Cet article a pour objet d'insérer un article L. 5211-41-2 dans le code général des collectivités territoriales afin de permettre la transformation d'un syndicat de communes en communauté de communes.

1. Le droit en vigueur

Les syndicats intercommunaux à vocation unique (SIVU), les syndicats intercommunaux à vocation multiple (SIVOM) et les syndicats mixtes, respectivement créés en 1890, en 1959 et en 1955, constituent les établissements publics de coopération intercommunale sans fiscalité propre. Ils sont environ au nombre de 18.000.

En novembre 2000, la commission pour l'avenir de la décentralisation, présidée par notre collègue Pierre Mauroy, jugeait ce nombre « pléthorique, souvent injustifié, parfois coûteux ou maintenu pour des raisons d'opportunité », tout en reconnaissant la grande utilité de certains syndicats intercommunaux dans les domaines de l'eau, de l'assainissement, des ordures ménagères, dont l'ampleur dépasse largement l'agglomération ou le pays.

Aussi préconisait-elle, dans sa proposition n° 4, de simplifier le paysage intercommunal en facilitant à terme la dissolution de syndicats et en réservant l'adhésion à un syndicat aux seules intercommunalités à fiscalité propre.

En décembre 2002, le rapport du groupe de travail mis en place par l'actuel Gouvernement en vue de la mise en cohérence des trois textes relatifs à l'intercommunalité, à l'aménagement du territoire et à la solidarité et au renouvellement urbains, présidé M. Dominique Schmitt, alors préfet d'Indre-et-Loire, préconisait quant à lui de « rationaliser la construction intercommunale » et, notamment, de permettre la transformation des syndicats de communes établissements publics de coopération intercommunale à fiscalité propre, « afin de favoriser l'évolution vers une intercommunalité plus intégrée et partant de réduire le nombre de ces structures, sous réserve du respect des périmètres de gestion qui peuvent être plus larges, par exemple en matière d'eau et d'assainissement. »

Cette transformation leur est actuellement interdite.

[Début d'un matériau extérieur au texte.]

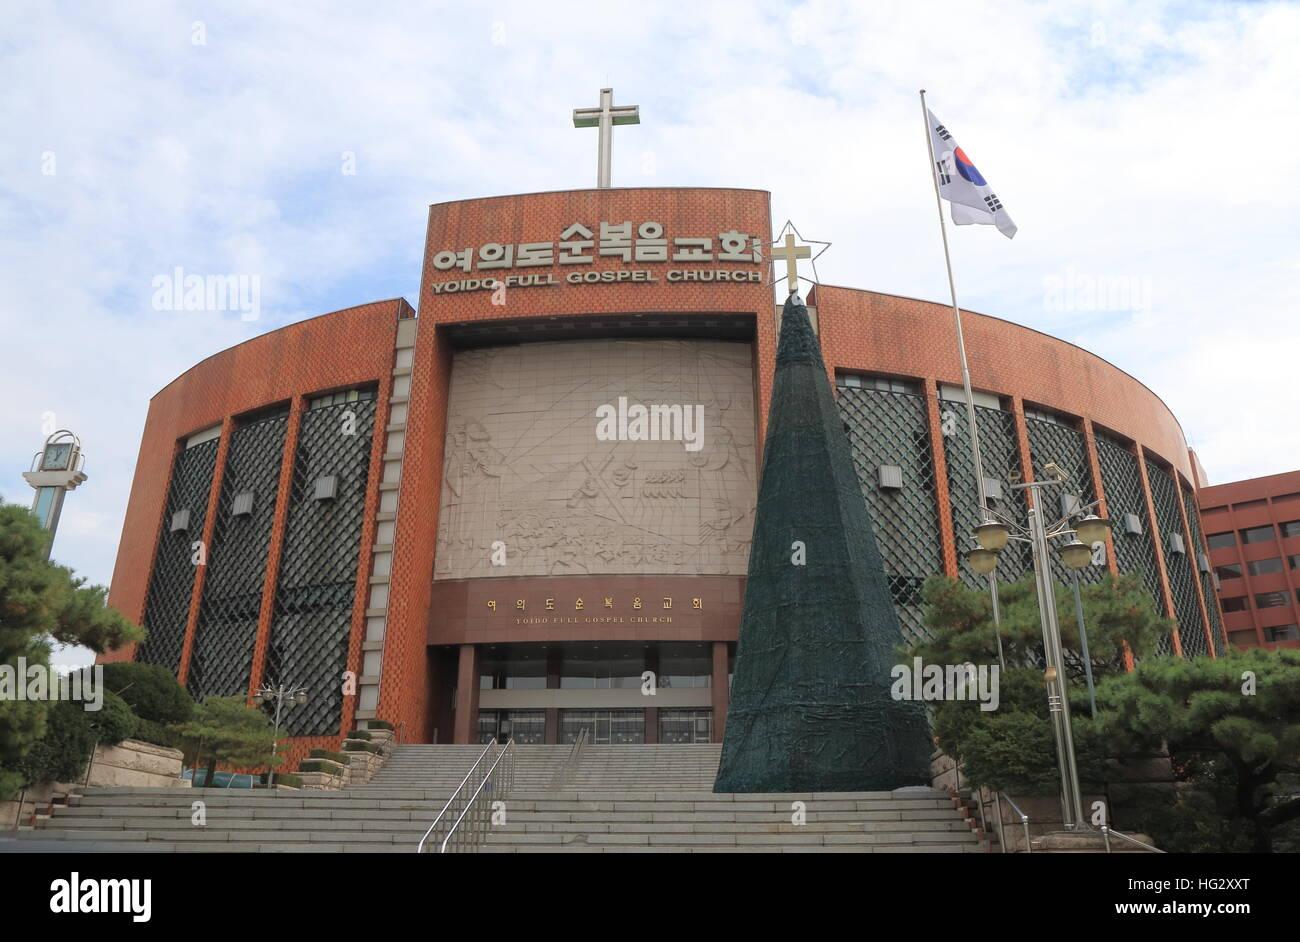 Yoido Full Gospel Church in Seoul South Korea. Yoido Full Gospel Church s a Pentecostal church affiliated with the - Stock Image

L'article L. 5111-3 du code général des collectivités territoriales dispose en effet que les règles applicables à la transformation d'un établissement public de coopération intercommunale sans fiscalité propre en une autre catégorie d'établissement public de coopération intercommunale sont celles de la création d'un nouvel établissement public de coopération.

A l'inverse, la transformation d'un établissement public de coopération intercommunale à fiscalité propre en un autre établissement public de coopération intercommunale à fiscalité propre n'entraîne pas l'application des règles relatives à la création d'une nouvelle personne morale.

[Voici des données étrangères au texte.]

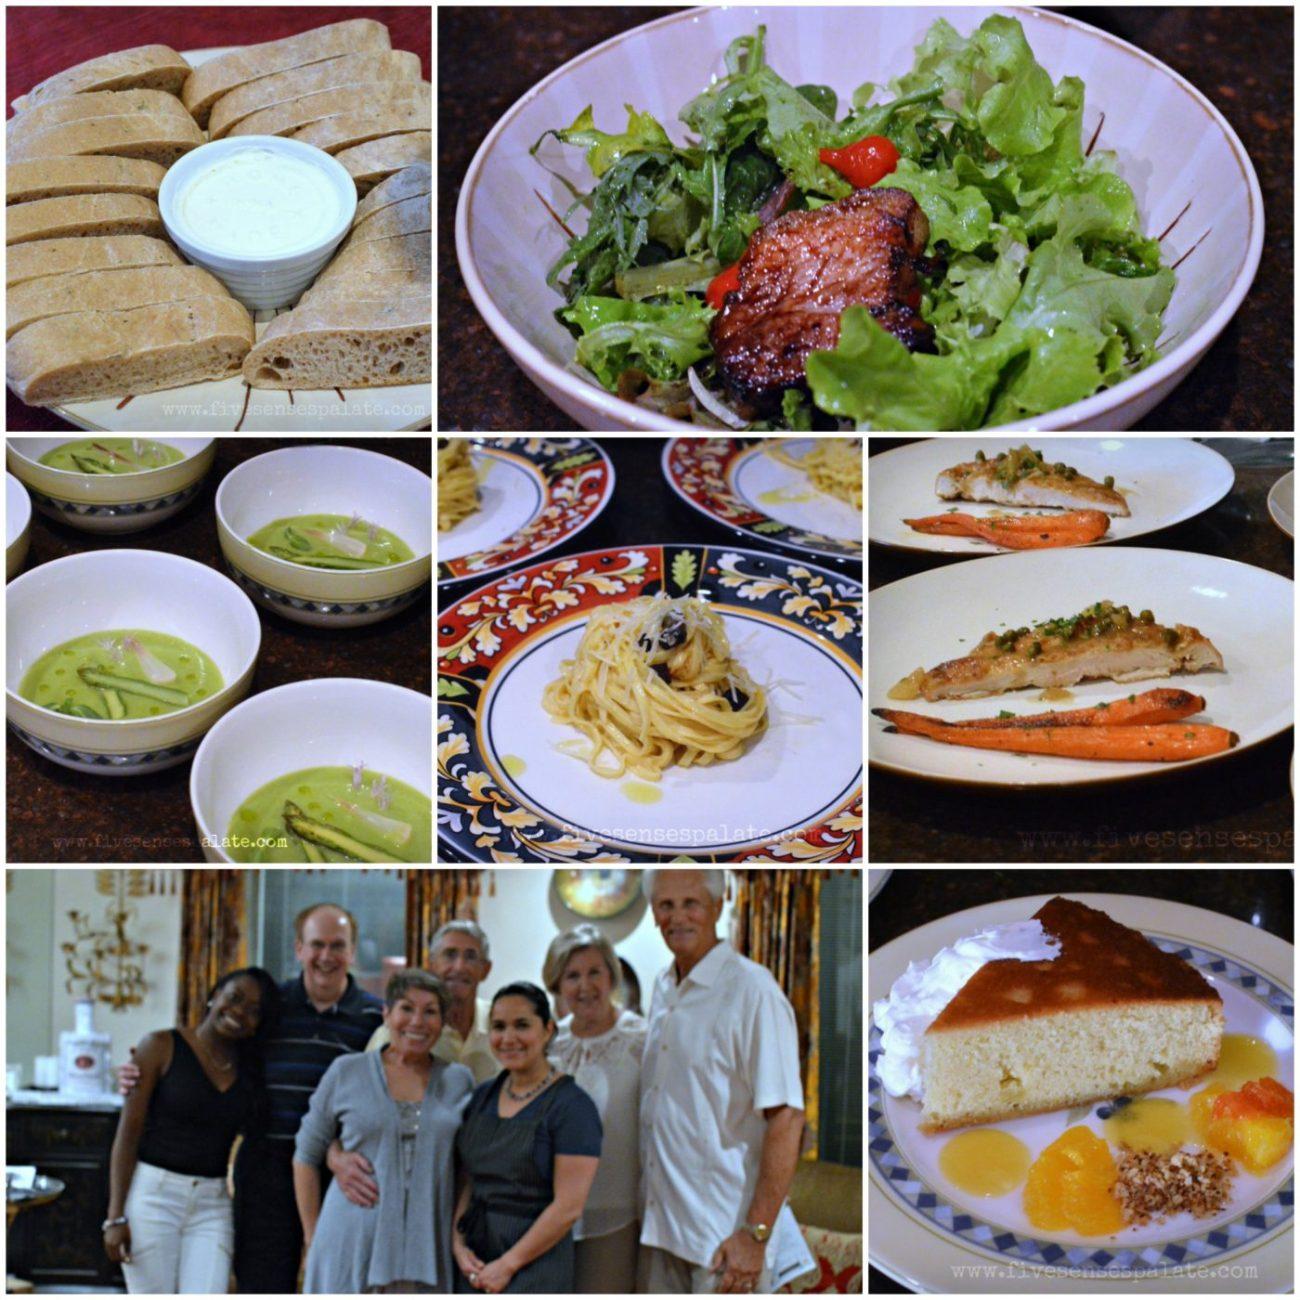 Five Course Dinner Menu   Five Senses Palate

La transformation d'un syndicat de communes en un établissement public de coopération intercommunale à fiscalité propre suppose donc, en l'état actuel du droit, la dissolution du syndicat, les communes membres lui étant solidairement substituées dans tous ses actes et contrats jusqu'à la répartition de l'actif et du passif, puis la création d'une nouvelle personne morale. La procédure à suivre s'avère ainsi extrêmement lourde et dirimante.

Dans son bilan de l'intercommunalité au 1er janvier 2003, le ministère délégué aux libertés locales indiquait que « Le schéma actuel dans lequel des communes appartiennent simultanément à plusieurs syndicats intercommunaux, à une communauté de communes, cette dernière adhérant elle-même à un ou plusieurs syndicats mixtes, ne favorise guère l'efficacité et la transparence. Il est préférable d'appuyer l'évolution progressive des syndicats intercommunaux en communauté de communes, pour privilégier l'appartenance des communes à une seule structure intercommunale à fiscalité propre.

« Bien entendu comme par le passé, les établissements publics de coopération intercommunale à fiscalité propre pourront être adossés à des syndicats mixtes, lorsque l'exercice des compétences requiert un périmètre particulièrement étendu (comme par exemple l'eau, l'assainissement, les ordures ménagères, l'électricité etc...).

« Cette simplification de la carte intercommunale favorisera les économies d'échelle ainsi qu'une meilleure compréhension de nos institutions locales pour nos concitoyens. »

2. Le dispositif proposé par le projet de loi

Le présent article a pour objet de mettre en oeuvre la préconisation du rapport « Schmitt ».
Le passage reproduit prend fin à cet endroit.